The presenters (like the topics) were a mixed bunch (in a good way!), and the first talk was a beauty – insightful, engaging, educational, warm and witty. See for yourself, as Prof Dato’ Anwar Fazal, a leading social advocate, presents ‘The Spirit of Penang’. Even some locals commented that they learned things concerning Penang about which they were previously blissfully unaware. Note that you’ll need to ‘fast forward’ to the 27 minute mark to get past the introductions.
This set a very high standard for those who followed, and some struggled more than others. [The above video shows the first three speakers, and you’ll find the other two videos for the rest on UStream.

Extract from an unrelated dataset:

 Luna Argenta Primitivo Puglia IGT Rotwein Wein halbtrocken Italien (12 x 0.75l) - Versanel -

Males dominated the nine-person speaker list, though the lone female (21-year old Jazz Tan Yee Mei) more than held her own with her stirring tale, ‘Youths are Leaders of Today’. ‘Penang Industry Beyond Manufacturing’ may not seem a particularly exciting title, but wait till you see what Dato’ Boonler Somchit does with it! And a colleague from WOU, Prof Dato’ Ho Sinn Chye, produced a chuckle or two from the audience, particularly his slide of his grand-daughter doing her ABCs on her laptop (see ‘To E-Learners, Engagement is the Name of the Game’, parts 1 and 2). Now it may have been just me, but the speaker (un-named – I’ll leave it to you to work it out if you’re interested) who came on a bit strong with the emotional appeal, somewhat in the style of a Southern US preacher, left me a rather unmoved. To be blunt, the local presenters were better than the ‘imports’!

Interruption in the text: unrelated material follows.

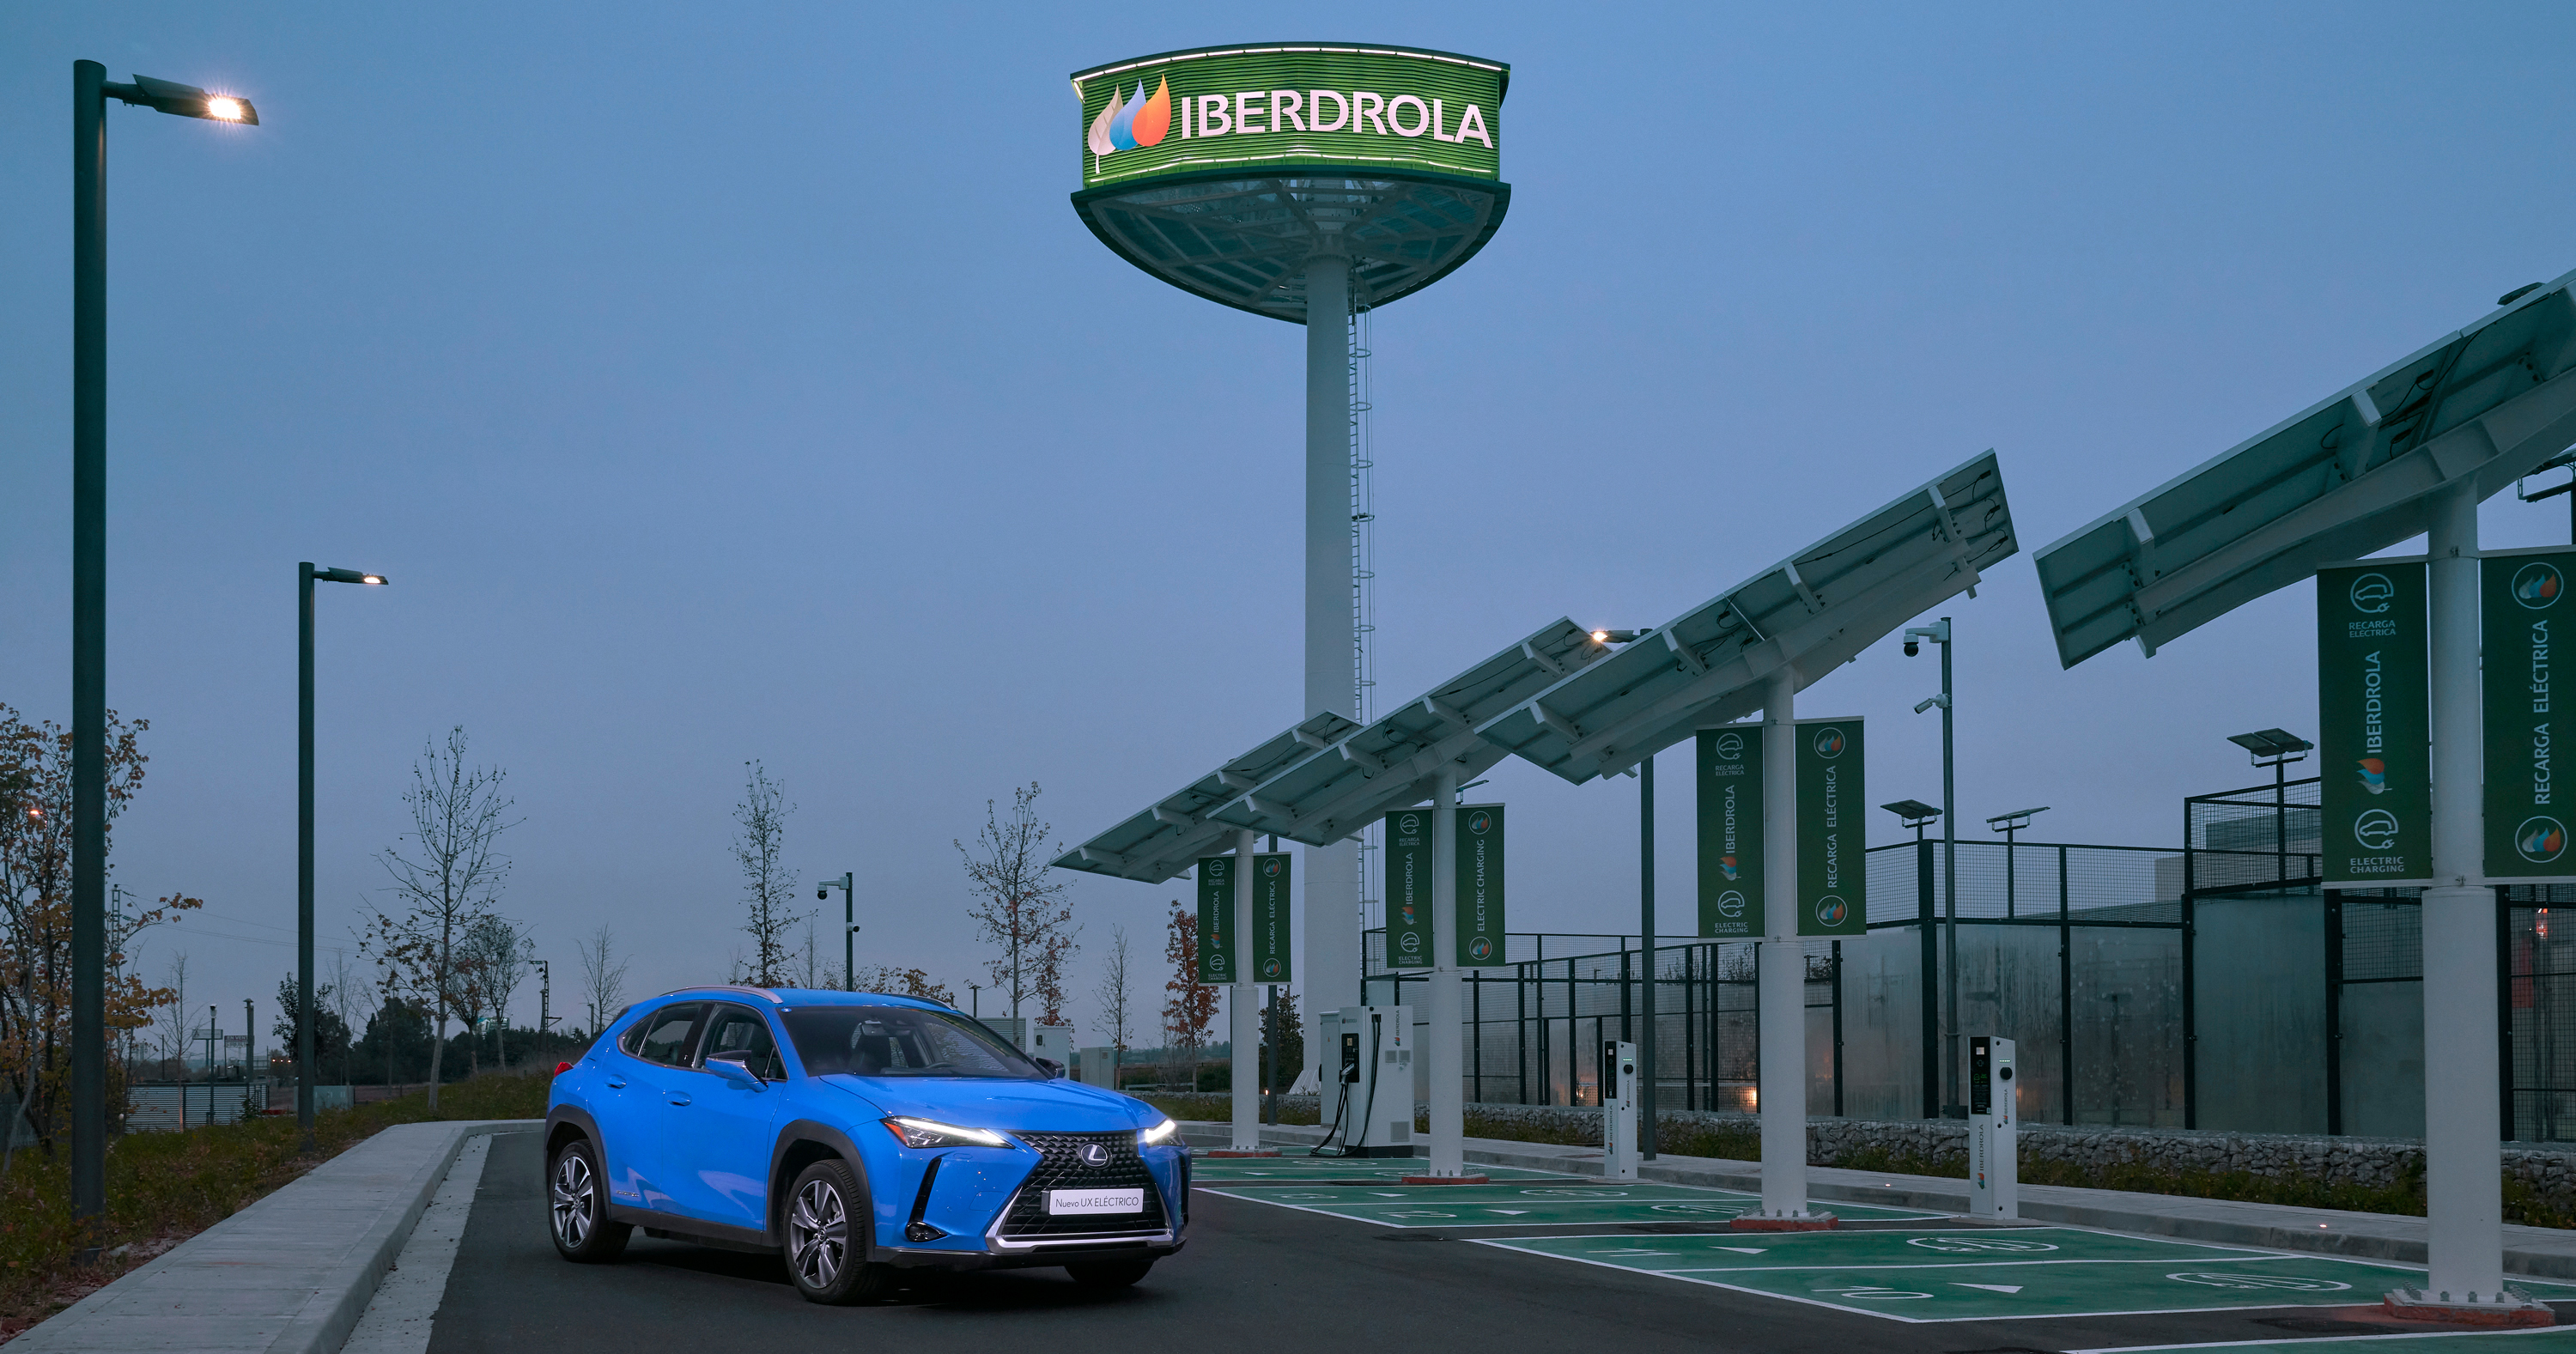 Galería: Lexus e Iberdrola se unen para ofrecer la red más completa de cargadores eléctricos a sus clientes

I must admit to skipping the lunch, but apparently that turned out to be a good move from what I hear from those that endured. But what can you expect for 20 ringgit (about US$7) – you’ll pay a tad more to attend a TED Conference (TED2012 will set you back US$7500). And anyway, it wasn’t about the food, it was about the event, and that was without doubt a great success.